November 1st - December 21st, 2024

ANDREW RAFACZ is excited to announce The Darker the Night, the Brighter the Stars, a solo exhibition of new paintings from Cindy Bernhard, in Galleries One & Two. The exhibition opens Friday, November 1st and continues through Saturday, December 21st, 2024. This is the artist’s first solo exhibition with the gallery.

The Darker the Night, the Brighter the Stars presents a series of new oil paintings on canvas from Cindy Bernhard. Employing dramatic shifts between light and dark, ecstatic colors and mystical imagery, Bernhard creates her own fantastic, albeit representative world.

Referencing a line from Fyodor Dostoevsky’s Crime and Punishment, the title of Bernhard’s exhibition points directly to her ongoing investigation of mysticism and the search for truth by way of her own evolving spirituality.

At the center of the exhibition is The Dark Night of the Soul, a six by ten-foot painting set in an imagined version of the artist’s studio, titled after the 16th century poem of the same name by St. John of the Cross. The poem addresses a phase of passive purification of the spirit within mystical development. Colloquially, the phrase “dark night of the soul” is used to describe a crisis of faith or a difficult, painful period in one’s life.

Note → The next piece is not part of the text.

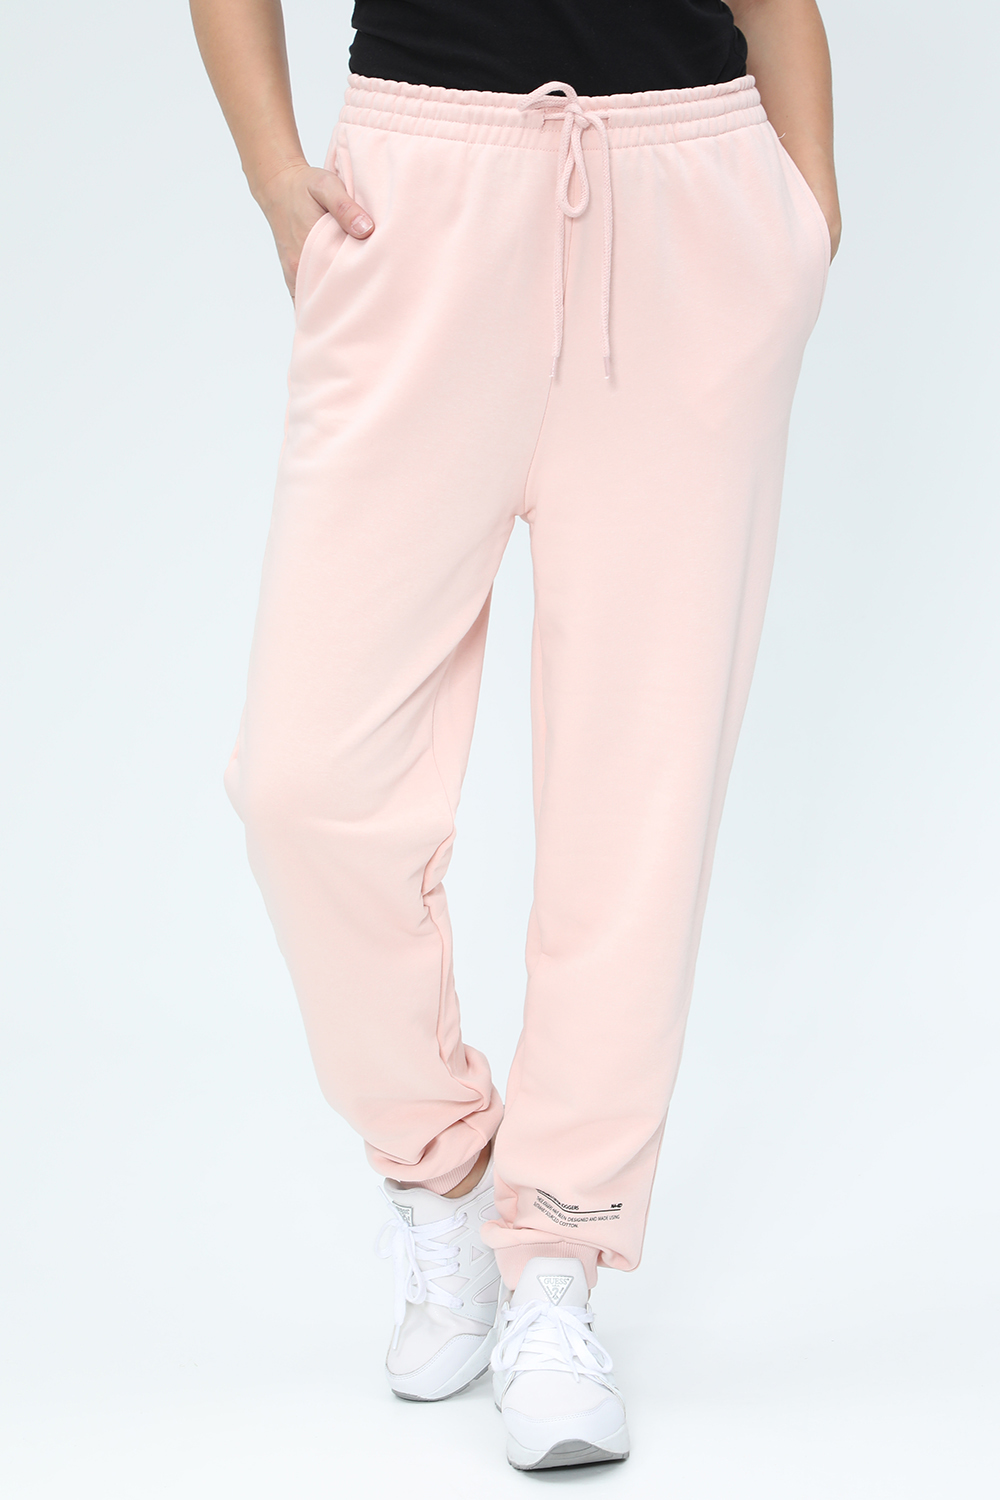 Γυναικεία/Ρούχα/Παντελόνια/Φόρμες NA-KD - Γυναικείο παντελόνι φόρμας NA-KD ροζ

The vibrant, layered scene contains several paintings-within-the-painting in varying stages of completion (a seemingly blank canvas capturing the shadows of the room, a completed one on an easel) as well as the artist’s tools of her work— tubes of paints, brushes, a palette and jars— on a table and a rolling cart. Two cats— stand-ins for human subjects— are engaged in mysterious and playful acts. Catching the drama of the studio in media res, the viewer is inundated in Bernhard’s familiar interactions between light and shadow, interior and exterior. Her meta-painting mise-en-scène recalls other historical paintings of self-reflexivity and reflection, such as Velasquez’ Las Meninas or Vermeer’s The Allegory of Painting. Although the artist is physically absent from the scene, her presence is undoubtedly felt.

Bernhard has also shifted scale with this exhibition, counterbalancing her largest work to date with her smallest. A series of intimately-sized canvases respond to the epic tableau of The Dark Night of the Soul with focused depictions of lit candles, caves, plumes of smoke, flowing water and vessels — imagery often found in her larger paintings but distilled here into an elemental language. Representing air, earth, fire and water, Bernhard focuses on these singular charged images, prioritizing a visceral sense of the primal and sublime in the everyday, which frequently defines the artist’s work. For Bernhard, it is an attempt to reset and get back to something more primary, both in her painting practice and her metaphysical pursuit.